Meine Damen und Herren, weil ich gerade Ihren Antrag angesprochen habe – es ist ja nur eine Seite –: Ich würde Ihnen gerne die zweite Seite füllen wollen für Ihren nächsten Antrag. Lassen Sie uns auch darüber reden, wie sich die Arbeitswelt und unsere Lebenswelt verändern im Zuge der Digitalisierung. Wir werden andere Formen haben, die zeigen, wie wir mit Betriebsräten, wie wir mit Mitbestimmung gerade in Start-ups, in jungen, innovativen Unternehmen umgehen müssen. Darauf sollten wir hier einen Blick werfen. Ich komme selber aus einem Start-up. Ich habe, bevor ich in den Deutschen Bundestag gewählt worden bin, in einem Start-up gearbeitet. Dort wird es andere Formen geben,

(Gabriele Katzmarek [SPD]: Garantiert nicht!)

und deswegen müssen wir das Betriebsverfassungsrecht anpassen und schauen, wie wir diesen Unternehmen gerecht werden können, damit eben auch dort Mitbestimmung mit Flexibilität einhergehen kann.

(Beate Müller-Gemmeke [BÜNDNIS 90/DIE GRÜNEN]: Das würde mich jetzt mal interessieren, wie das aussehen soll!)

Deswegen, meine Damen und Herren, lassen Sie uns diese zweite Seite angehen und nicht nach hinten, sondern nach vorne schauen. Denn die Transformation der Arbeitswelt wird zu Veränderungen führen, und wir dürfen hier den Blick nicht abwenden.

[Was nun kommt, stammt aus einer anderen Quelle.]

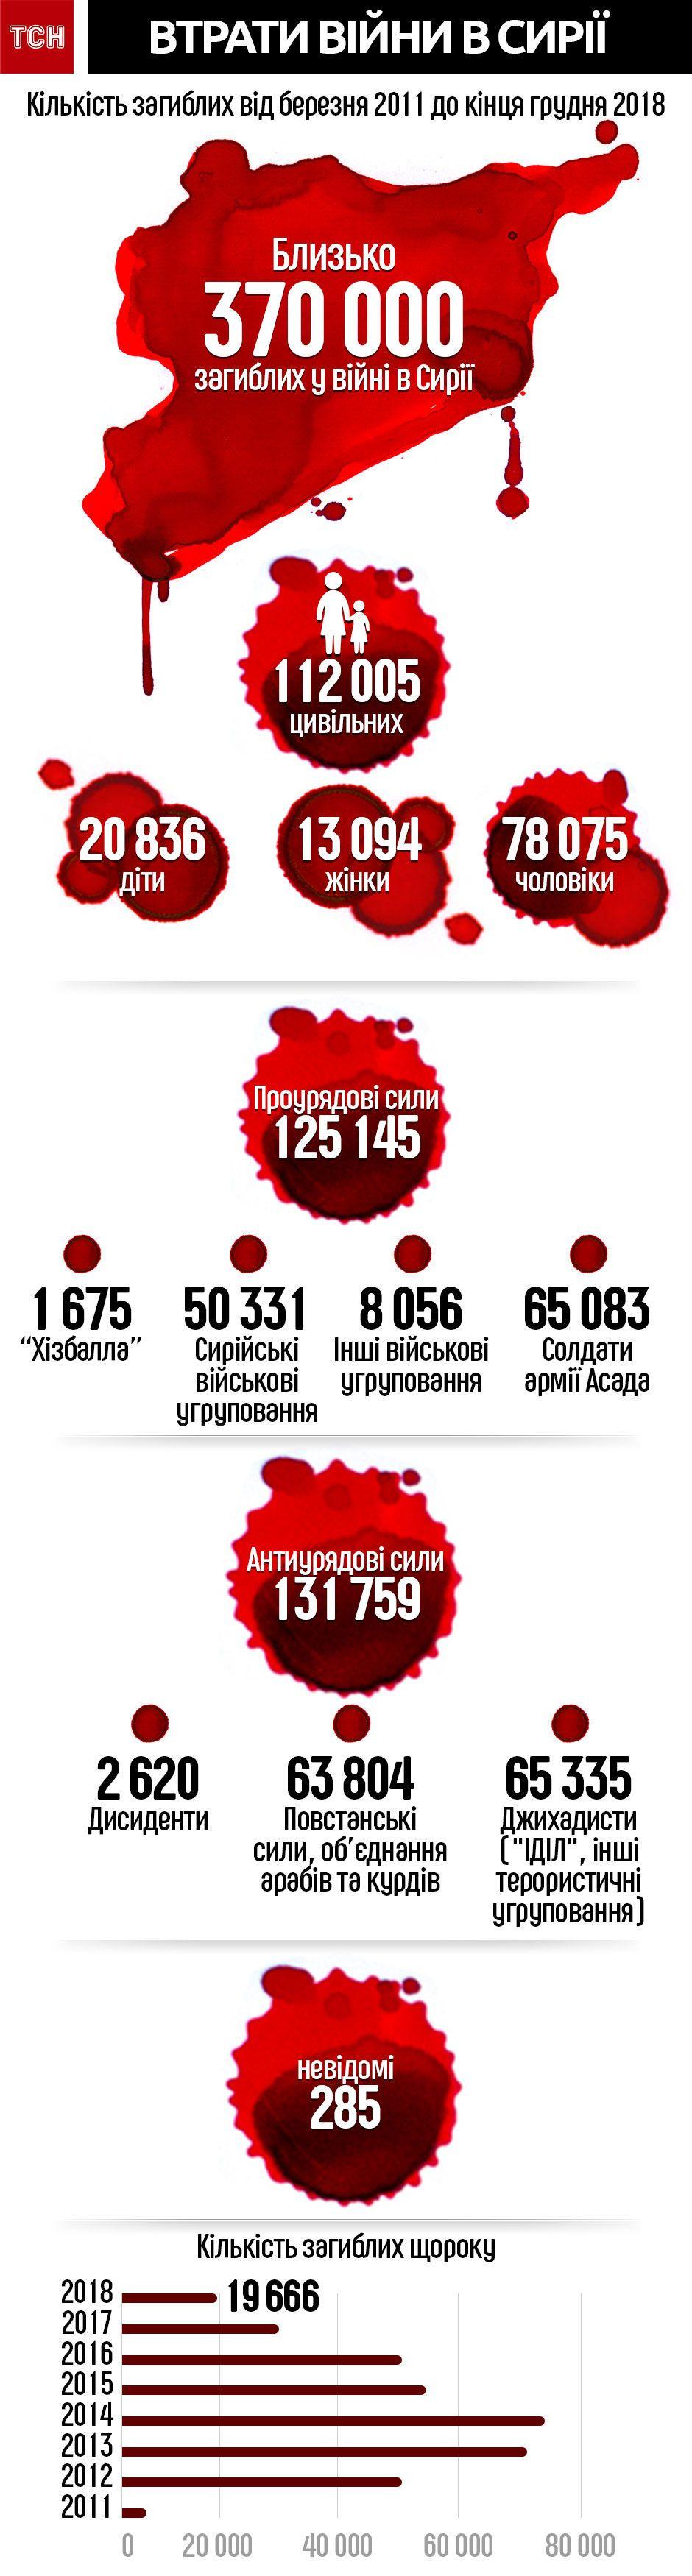 Кількість загиблих у Сирії протягом війни. Інфографіка
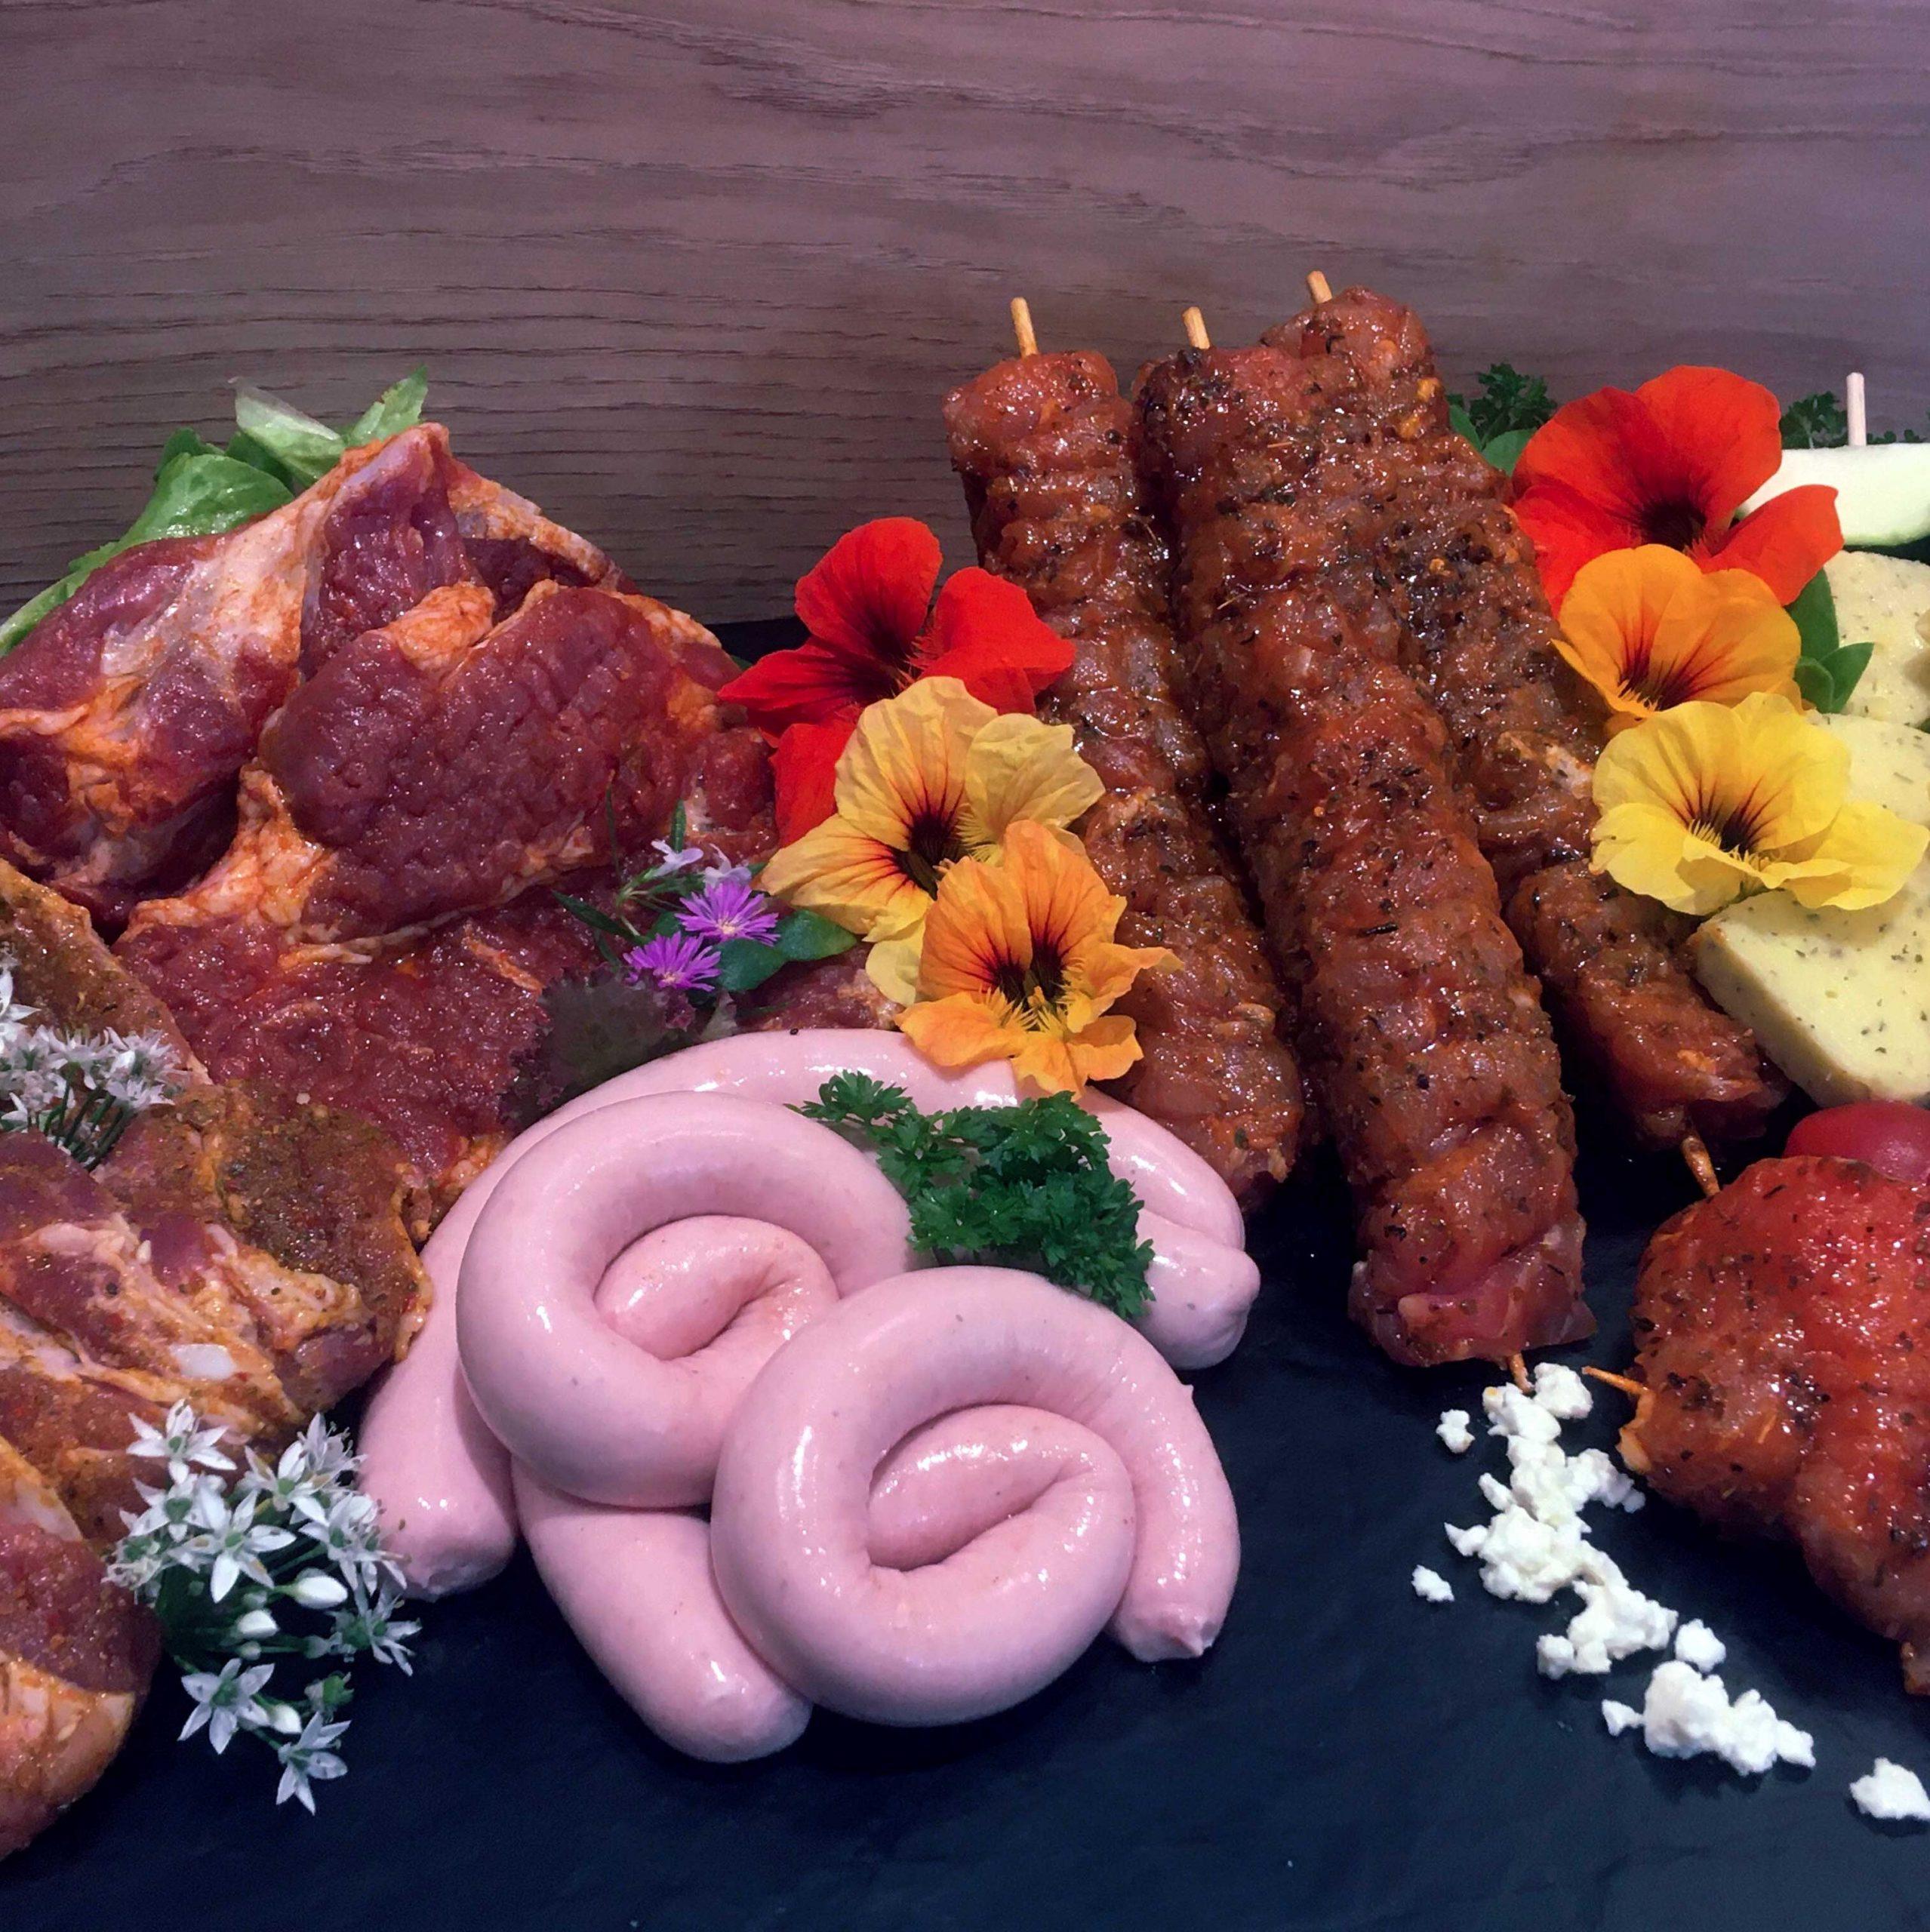 Eine Platte mit Grillspezialitäten, Bratwurst, Steak und co.

Lassen Sie mich am Schluss noch eines sagen: Wenn wir nicht versuchen, die Digitalisierung und die Start-ups in diese Diskussion aufzunehmen, dann verlieren wir die Innovationskraft in Deutschland; denn in den Start-ups werden eine neue Kultur und eben auch neue Arbeitsformen entstehen. Darum sollten wir uns gemeinsam die schwarzen Schafe anschauen, aber niemanden als Dämon darstellen, auch nicht die Arbeitgeber. Wenn wir das hinbekommen, dann werden wir mit der Digitalisierung in Deutschland die Mitbestimmung in Unternehmen, in Start-ups innovativ, flexibel und in die Zukunft gerichtet gestalten.

Herzlichen Dank.

(Beifall bei der CDU/CSU sowie bei Abgeordneten der FDP – Pascal Kober [FDP]: Vernünftige Rede!)